Qui dobbiamo anche fare un inciso scandaloso: dobbiamo anche rendere giustizia a un poeta – che abbiamo già incontrato – il quale, nel la prima metà del 1700 ha dato lustro alla letteratura priapea. Questo poeta si chiama Giorgio Baffo, un nome facile da ricordare, al quale sulla rete sono dedicati molti siti che riportano la sua opera, che s’intitola Raccolta universale delle opere di Giorgio Baffo veneto, e fu pubblicata postuma, nel 1789. Andate alla ricerca, ma attenzione perché una parte di questi siti hanno il vezzo di giocare con la pornografia: evitateli (non per ragioni di moralismo) perché sono stupidi e probabilmente avrebbero infastidito Giorgio Baffo, considerato uno dei maggiori lirici del ‘700 . E, quindi, lo scandalo, anche in questo caso, se mai, sta nell’aver sempre tenuto fuori dalla Scuola anche questo scrittore. Giorgio Baffo è un "moderno Marziale", nato a Venezia nel 1694 e morto lì nel 1768.
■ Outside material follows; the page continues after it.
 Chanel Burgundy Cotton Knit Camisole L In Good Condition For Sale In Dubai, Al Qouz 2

Di lui abbiamo pochissime notizie biografiche: di famiglia patrizia, fu senatore della Serenissima repubblica, e fece parte della suprema corte di giustizia veneziana. Le cronache lo ricordano come una persona dal carattere gentile, riservato, pudico, compare nelle Memorie di Giacomo Casanova, che lo nomina come illustre, compìto, saggio, dotto protettore della sua famiglia, quando Casanova era un bambino. Licenzioso quanto si voglia, Giorgio Baffo, è dei maggiori poeti del ‘700, prima di tutto per la musicalità della sua lingua, la lingua veneta, la lingua di Carlo Goldoni. Non c’è, nei versi di Baffo, solo malizia e libertinaggio, c’è soprattutto una riflessione ironica, amara, esistenziale: secondo la tradizione della letteratura priapea.
Venezia ai primi del ‘700 è una città scandalosa e Giorgio Baffo ce ne fornisce un ampio e accurato spaccato, come Marco Valerio Marziale ci fornisce un ampio e accurato spaccato della Roma del primo secolo!
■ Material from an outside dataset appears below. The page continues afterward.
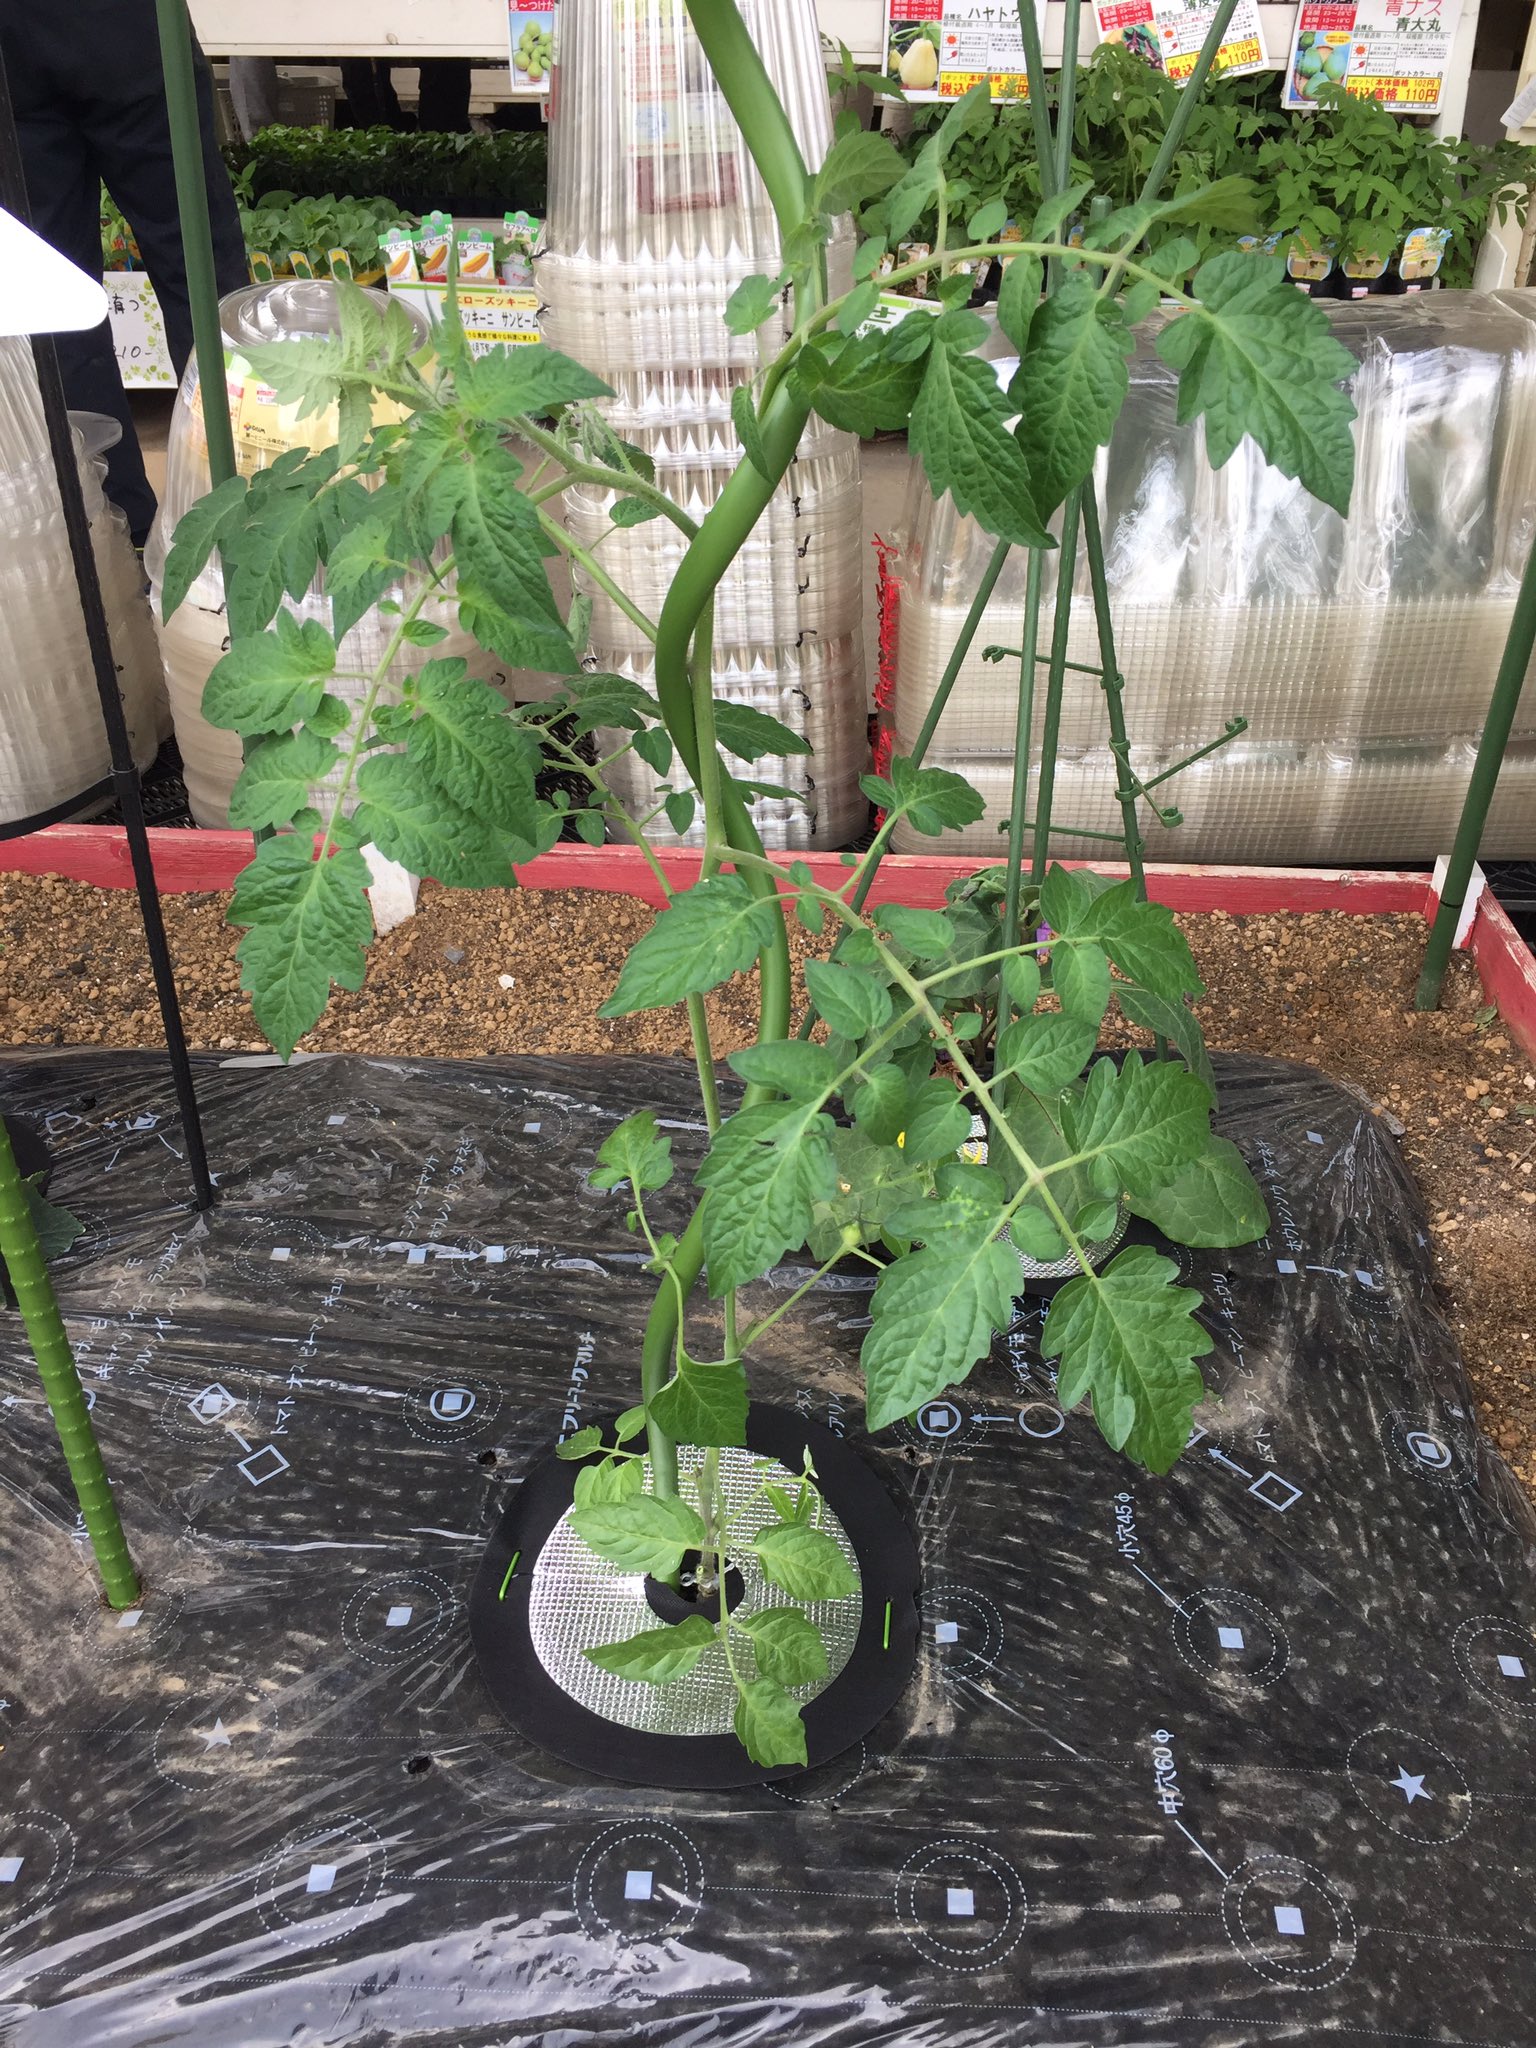 ジョイフル本田 ガーデンセンター ガーデンセンター幸手店 埼玉 夏野菜がグングン育っていると思います ٩ W و トマト栽培に便利な支柱 トマポール はいかがでしょう ラセン状に伸びるトマトには ラセン状の支柱がおすすめ ヒモでしばらなく

REPERTORIO E TRAMA ...per dieci minuti al giorno di lettura e scrittura:
Con l’atlante, con lo stradario, con la guida della Spagna o sulla rete, è utile compiere un viaggio virtuale nella cittadina di Calatayud che conserva una traccia dei resti romani dell’antica Bìlbilis, e poi conserva i monumenti della cultura araba dell’ VIII secolo (il castello, la torre), e poi conserva le chiese del medioevo cristiano: la chiesa più importante, Santa Maria la Mayor, che è l’antica moschea e che possiede un pregevole portale di scuola francese, qui le culture – araba, ispanica, francese - s’intrecciano dando significativi risultati artistici: buon viaggio …
Potete approfittare della guida della Spagna per visitare anche la città di Tarragona, il capitale ("tarraco" significa capitale) della regione del nord-est iberico ai tempi di Marziale, di cui parla nei suoi Epigrammi: la rocca Tarragona, le colline tarragone, i fiumi tarragoni, la notte tarragona…
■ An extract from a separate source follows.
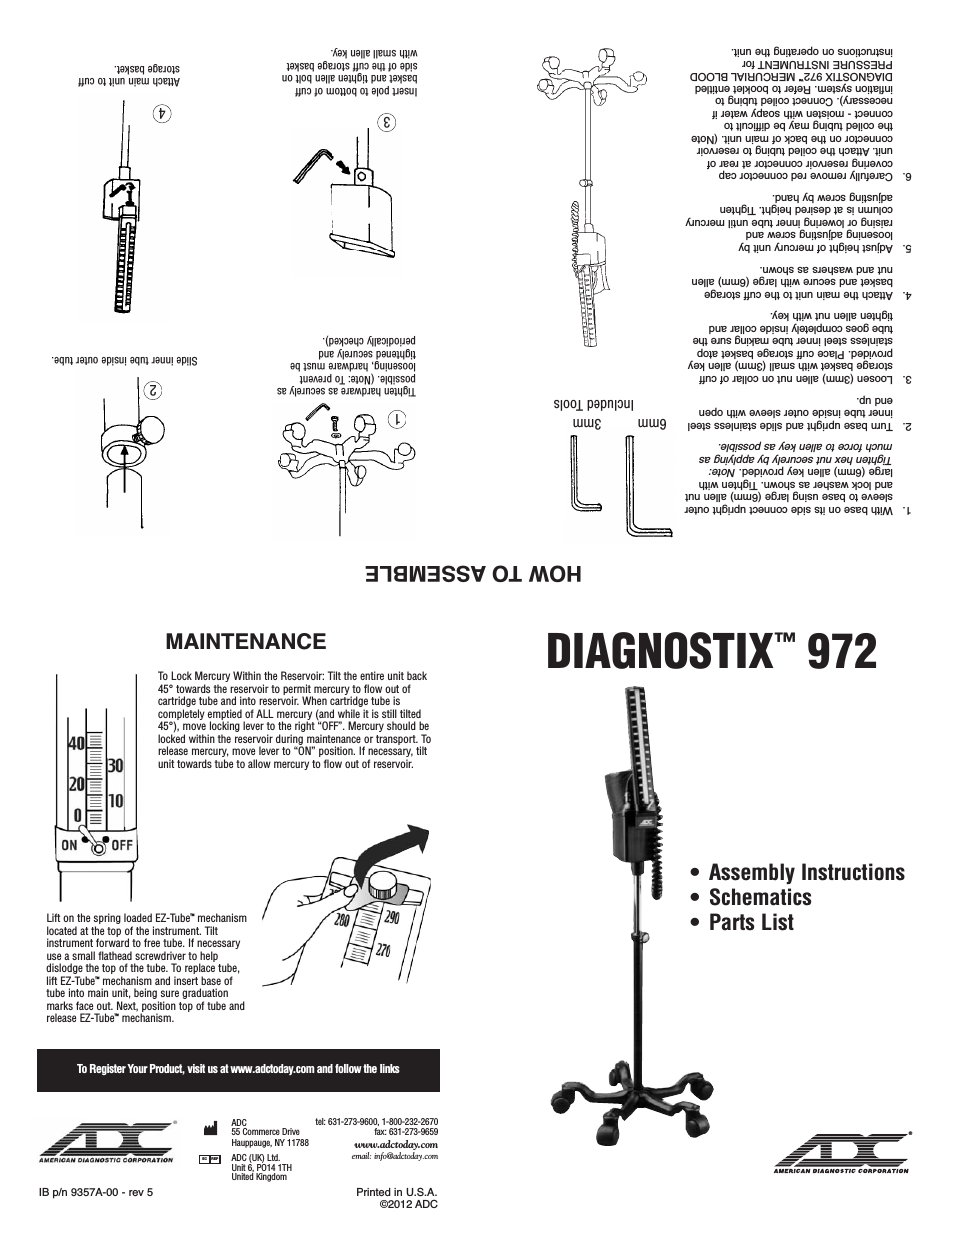 Diagnostix 972 Assembly

Tarragona è una bellissima città sulla costa mediterranea che presenta tre livelli architettonici esemplari ben visibili: la città romana (il grande anfiteatro in faccia al mare), la città visigota (la basilica romanica visigota costruita nel V secolo dentro l’anfiteatro romano) e la città medioevale (la cattedrale iniziata nel 1171, con uno stupendo chiostro)…
Andate a leggere questo significativo impianto architettonico e culturale: buon viaggio…
Ma torniamo a Marziale. Gli Epigrammi più belli di Marziale – veri e propri pezzi di bravura descrittiva, permeati di malinconia e di nostalgia – sono certamente quelli in cui Marziale descrive il paesaggio, soprattutto rievocando la sua terra d’origine, la Spagna Tarragonense. Marziale è nato a Bìlbilis, che corrisponde all’odierna cittadina di Calatayud, nella regione dell’Aragona. Il poeta Marziale può farci da guida con la descrizione che fa del territorio tarragonese, che circonda la sua città: così si chiamava questo pezzo di penisola iberica quando (più di 2000 anni fa, dal 197 a.c.) era una provincia romana, oggi, questo territorio, fa parte della regione dell’Aragona. Cogliamo anche l’occasione per fare un breve viaggio virtuale.
LEGERE MULTUM…
Giorgio Baffo, Dedica (1789)
Mi dedico ste mie composizion
Ai omeni, e alle donne morbinose (in vena di follie),
a quelli veramente, che le cosse
le varda per el verso, che xe bon.
Sotto le metto alla so protezion,
come persone tutte spiritose,
perché da certe teste scrupolose,
i le difenda co la so rason.
Che i diga che qua drento no ghe xe
Né critiche, né offese alle persone,
che mal de Dio no se parla, né dei Re,
ma sol de cosse allegre, belle, e bone,
cosse deliciosissime, cioè
de bocche, tette, culi, cazzi, e mone.
Ma sospendiamo, per il momento, questo discorso di "poetica geografica", perché lo riprenderemo dopo. Ora ci dobbiamo domandare: come siamo arrivati a incontrare Marco Valerio Marziale? Ci siamo arrivati attraverso i suggerimenti del nostro accompagnatore: Vivant Denon ci sta accompagnando anche in questo itinerario, ancora caratterizzato dalla parola "fascino", e dalle idee che questa significativa parola contiene.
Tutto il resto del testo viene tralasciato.